Partial Reconfiguration comparision, Intel vs AMD

2 minute read

The comparison is based on Quartus 23.1 and Vivado 22.2. If there’s incorrect info, please let me know.

Both…

  • Static logic can route over the PR regions
    To the best of my knowledge, there’s no vendor tool support to prevent static logic from routing over the PR regions. Reserved Routing from Intel Quartus might be related, but in my experience, it is not functioning as expected. There are some academic works to block static routing on the PR regions.
  • Cannot perfectly remove the static design footprint while compiling reconfigurable partition (persona in Quartus term)
    Quartus’s Fast Preservation and Vivado’s Abstract Shell are related technology, but the saving in the compile time is not dramatic in Fast Preservation and Abstract Shell sometimes contains too much static logic.
    Related discussion on Intel FPGA forum and academic paper: Fast Preservation and Abstract Shell

Intel Quartus

  • Can stack multiple PR regions within one clock region (sector in Quartus term)
  • But can NOT have multiple PR regions in one row clock region (half width of the clock region)
  • Route Region can be controlled by the user
  • Fast Preservation flow can reduce compile time with large static design
  • Cannot generate partial bitstream only, and bitstream generation takes a long time
    Quartus (at least versions up to 23.1) always generates a full bitstream first and then generates partial bitstreams masking corresponding bits.
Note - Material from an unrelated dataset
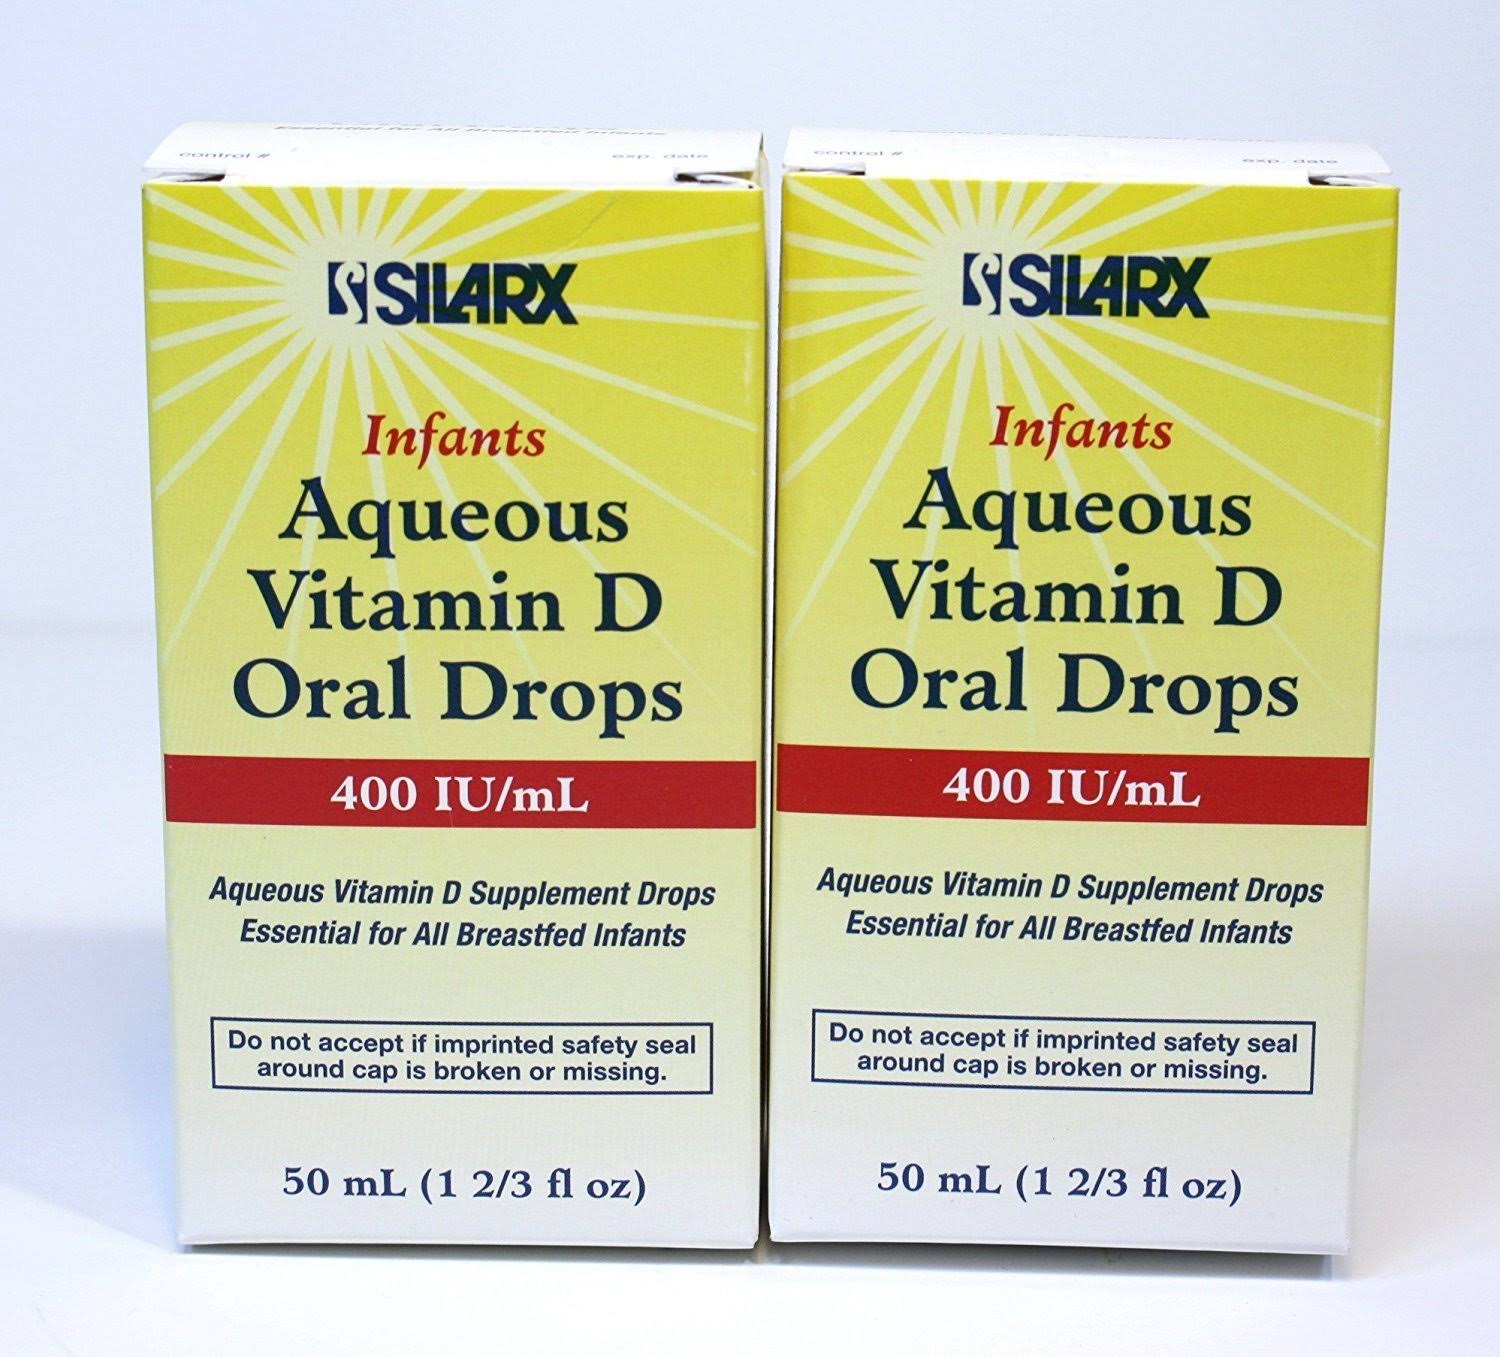 Silarx Infants Aqueous Vitamin D Oral Drops, 50 ml

What’s worse is that with PR mode on, the full bitstream generation time significantly increases.
    Related discussion on Intel FPGA forum: thread 1 and thread 2
  • Takes only O(log(N)) subdivisions for Hierarchical Partial Reconfiguration
    For example, if there exists 8 total grand children PR regions where two children have one parent PR region (total 4 parent PR regions) and two parents have one grand parent PR region (total 2 grand parent PR regions), it takes only three subdivision to create final static design.

AMD-Xilinx Vivado

  • Can NOT stack multiple PR regions within one clock region
  • But does not have any restriction on horizontally placing PR regions
  • Route Region is controlled by the tool
    This is called Expanded Routing Region, available for Ultrascale and Ultrascale+ devices. Users can also turn off the expansion with set_param hd.routingContainmentAreaExpansion false.
  • Abstract Shell can reduce compile time with large static desgin
  • Can generate partial bitstream only
  • Takes O(N) subdivisions for Hierarchical Partial Reconfiguration
    In the same scenario above that has 8 total grand children PR regions, it takes 7 subdivisions. This is because of Vivado’s in-context characteristic. Only single subdivision can be performed at a time, so it requires sequentialized top-level implementations to generate the final static design.